The data
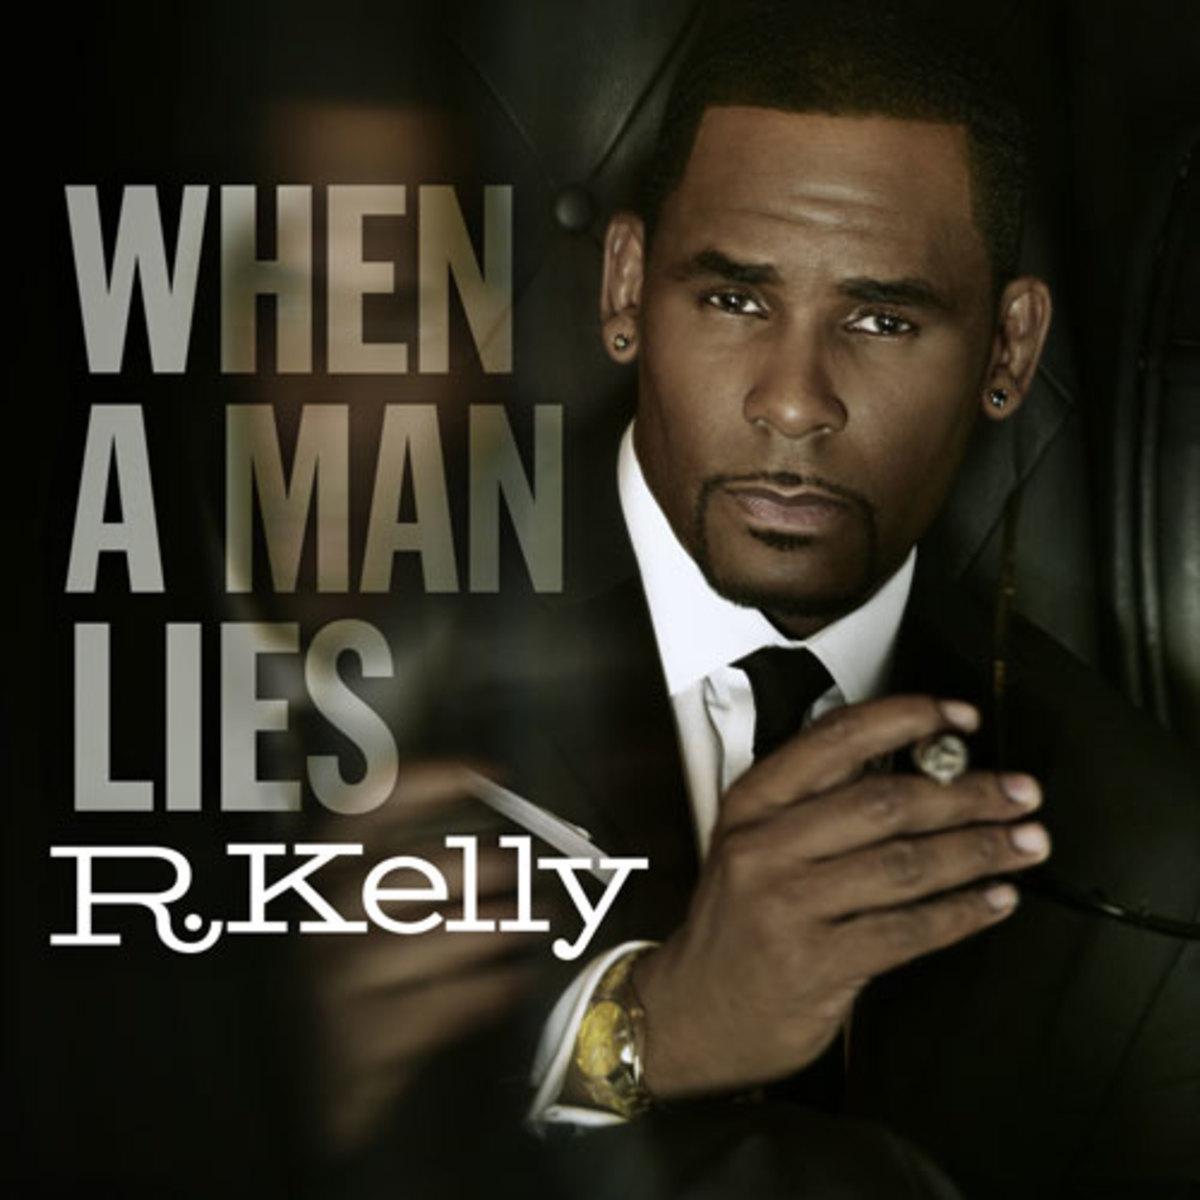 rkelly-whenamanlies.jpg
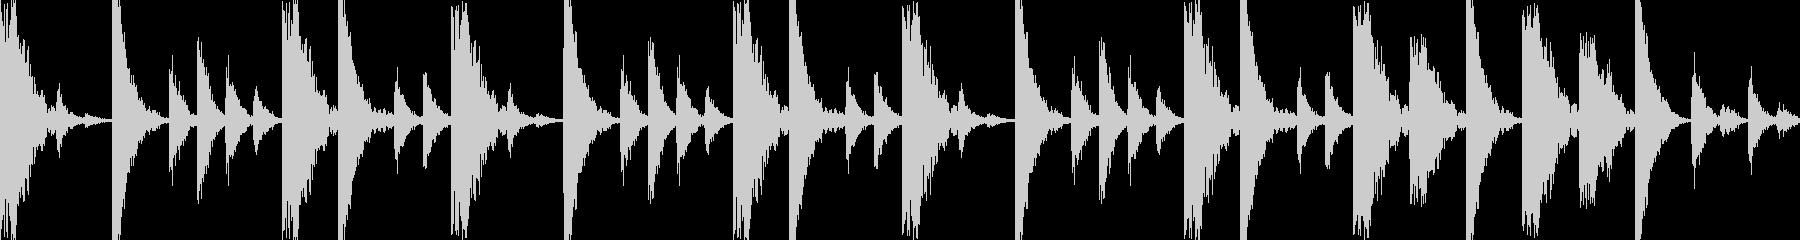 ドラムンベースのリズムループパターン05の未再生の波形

...

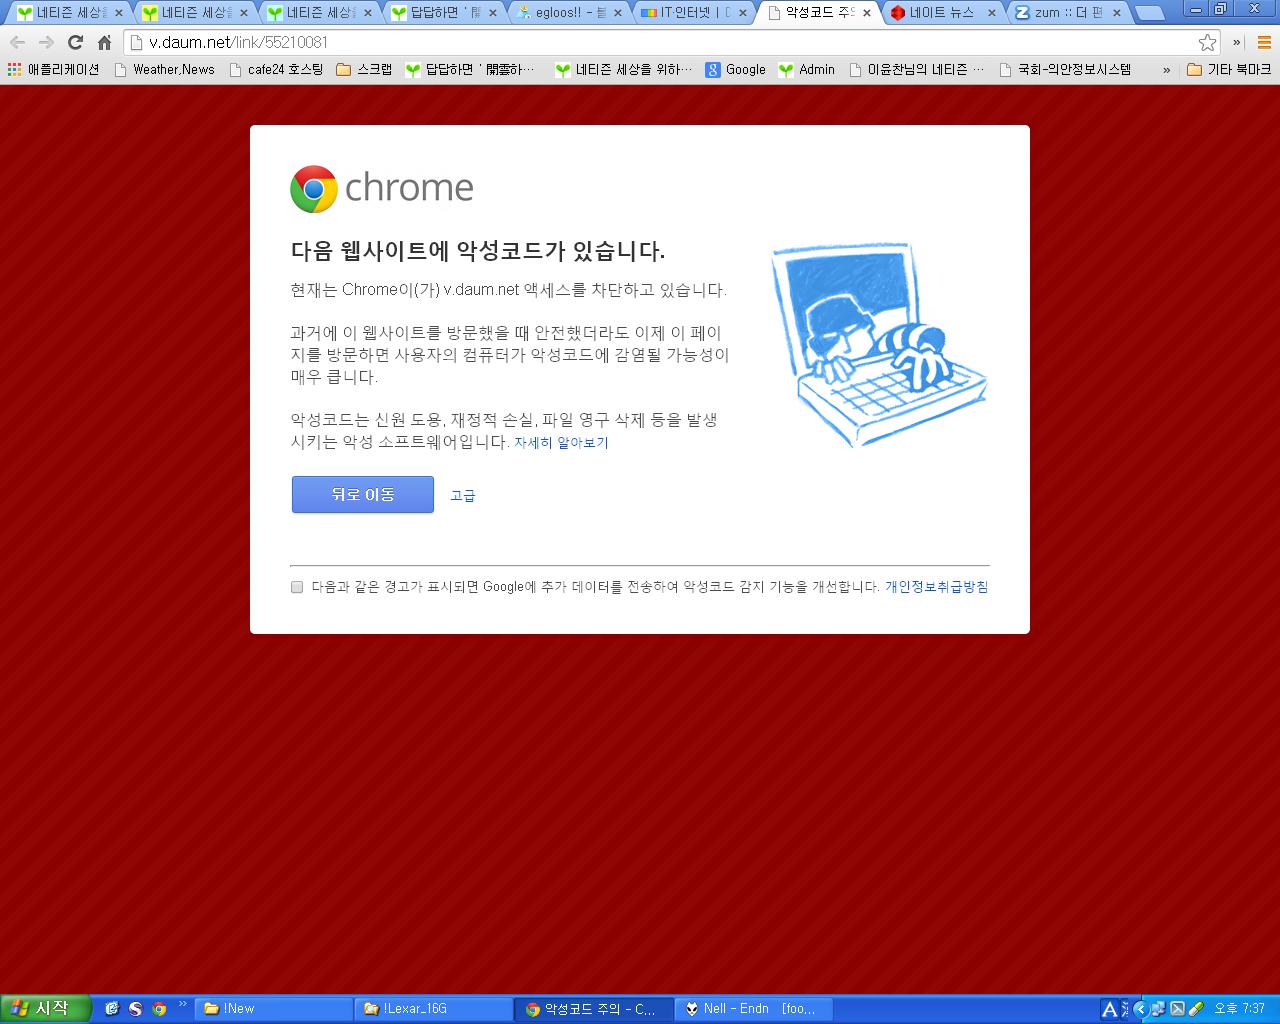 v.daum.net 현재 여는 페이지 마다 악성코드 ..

How to complete this task
Copy only what lies between the line with "rkelly-whenamanlies.jpg" and the line with "ドラムンベースのリズムループパターン05の未再生の波形", those two lines included, exactly as given above; pictures stay out.

The completed task
 rkelly-whenamanlies.jpg
 ドラムンベースのリズムループパターン05の未再生の波形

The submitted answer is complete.